Home technology software ubisoft and Mozilla team-up to help identify potential bugs in code
Software
CIO Bulletin
2019-02-14
Game developer Ubisoft partners with Mozilla to develop an AI-based coding assistant, named Clever-Commit, to analyze and flag potential new bugs as the software code is committed.
Clever-Commit, unlike Mozilla’s creations, is not open source. “It’s being discussed. There are no plans for Clever-Commit to be open-sourced right now,” a Ubisoft spokesperson told while talking to a news website revealing the plans. The tool learns from the code base’s bug and regression data to help programmers evaluate whether or not a code change will introduce a new bug.

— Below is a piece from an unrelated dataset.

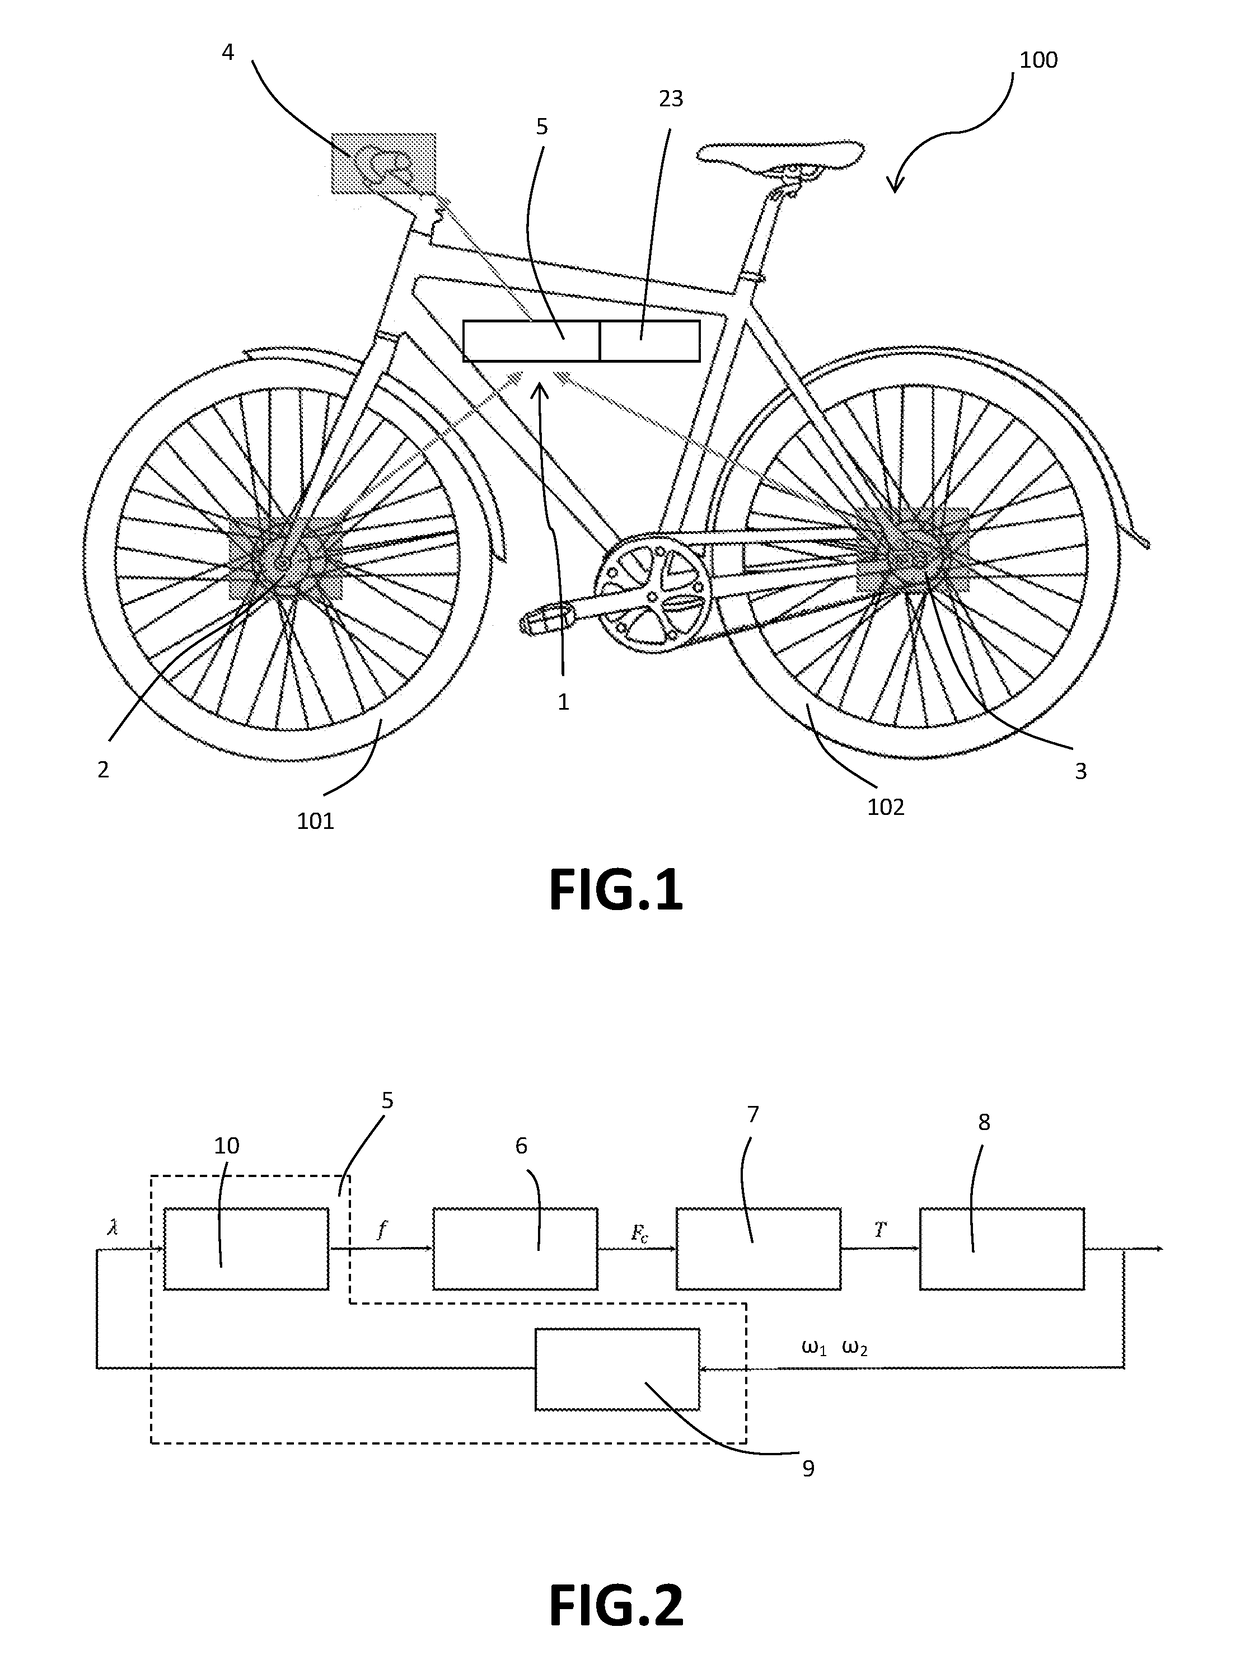 Brake Assist System For A Cyclist On a Bicycle By A Haptic Feedback

“Working with Mozilla on Clever-Commit allows us to support other programming languages and increase the overall performances of the technology. Using this tech in our games and Firefox will allow developers to be more productive as they can spend more time creating the next feature rather than fixing bugs,” said Mathieu Nayrolles, Technical Architect, Data Scientist, and member of the Technological Group at Ubisoft Montreal.
The tool – then called Commit-Assistant – was first demoed by Ubisoft and tested using data collected during game development. Now, with Mozilla participating in the project, Ubisoft will be served with Mozilla’s “programming language expertise in Rust, C++, and JavaScript, as well as expertise in C++ code analysis and analysis of bug tracking systems.”
“With a new release every 6 to 8 weeks, making sure the code we ship is as clean as possible is crucial to the performance people experience with Firefox,” wrote Mozilla’s Firefox release manager Sylvestre Ledru in a blog post. “The Firefox engineering team will start using Clever-Commit in its code-writing, testing and release process.”